Наутро Юлька не позвонила. Решила больше не общаться с Верой — так было честнее. Но уже через две недели после того, как вышло интервью в газете, Вадим обозвал Юльку дурой.
— Твоя подруга очень меня подставила, — с упрёком сказал он Вере. — Хоть бы показала вначале… Там столько ляпов!
Юлька на «дуру» обиделась — тем более что в газете все сказали, интервью отличное. Её даже отметили на летучке!
Вера не собиралась читать это интервью, не хотела даже думать о нём — но зачем-то пошла тем же вечером в мастерскую. Был вторник, запретный день, Вадим трудился над портретом: женщина сидит спиной к зрителю, любуется пейзажем. Отвернувшаяся Джоконда.
— Сними ты свой берет, жарко ведь, — сказал художник Вере. — Каждый раз думаю: почему она его не снимает?
Вера послушно стянула берет, почувствовав запах своих волос — так пахло от хомячка, который жил в детстве у Бакулиной. Ему бросали в аквариум грязную вату из ушей.
— Я пойду, — сказала Вера, но Вадим был слишком занят своей работой, чтобы ответить.
Впоследствии он стал по-настоящему знаменит, Вере часто попадаются статьи о нём и каталоги выставок. Отвернувшуюся Джоконду — «Вечер Юлии» — приобрели для частного собрания знаменитого коллекционера Дэвида А.
А Юлька пришла к Вере с повинной через месяц — и даже летучая мышь была рада её возвращению.
Пора расцвета может легко пройти незамеченной.
Мюриэл Спарк
Тонечка Зотова, философ из детского сада, по-прежнему оставалась невидимой. А ведь эта девочка, лицо которой память так и не смогла проявить до конца — оно расплывалось и ускользало, как пейзаж Моне, — была до отказа набита ценными сведениями.
— Завидовать — нехорошо!
— Ногами болтать нельзя, а то у тебя мама умрёт!
— Не закатывай глаза, Верочная! Стукнут по голове, такой и останешься!
Тонечка твёрдо знала, что, если у человека выпала ресничка, нужно вначале спросить, из какого глаза, а потом — загадать желание. Трамвайный билет со счастливым номером — разжевать и проглотить, лавровый лист в тарелке с супом — это к письму, а если встать между воспитательницей и нянечкой (обе были милые Людмилы), то сбудется всё, что пожелаешь!
Интересно было бы встретиться с этой Тонечкой сейчас, мрачно думала Стенина, выкапывая из кучи выстиранного, но невыглаженного белья тёплые колготки. Интересно было бы узнать, сколько желаний сбылось в жизни у этой дуры.

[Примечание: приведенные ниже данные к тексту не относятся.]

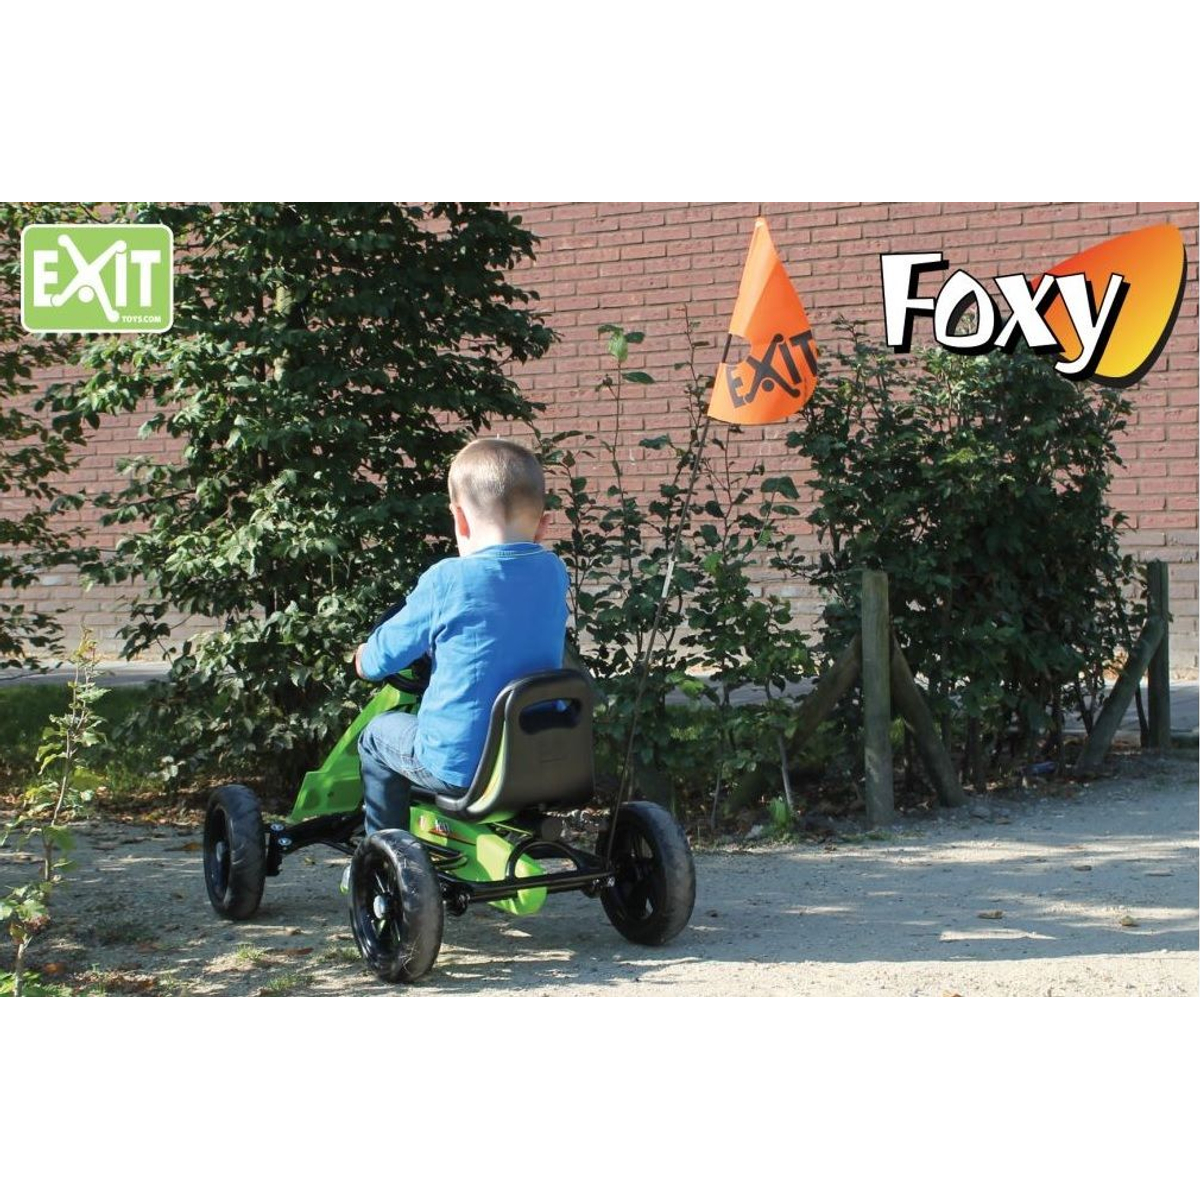 EXIT Veiligheidsvlag (Foxy/Spider)

В юности Вера носила тонюсенькие колготки, чёрные или бежевые, «телесные», как тогда говорили. Бакулинская сеструха объясняла, что телесные — элегантнее. Даже зимой Вера Стенина отважно щеголяла в капроне, хотя мама умоляла поддевать короткие тёплые штанишки. Поверх колготок, Веруня! Не видно будет! Вера сбегала вниз по лестнице — и от мамы, и от штанишек. Ноги мёрзли страшно, бёдра под капроном отливали красным и ещё долго потом согревались в тепле какой-нибудь мастерской или видеобара «Космос», где было модно вечерять в девяностые.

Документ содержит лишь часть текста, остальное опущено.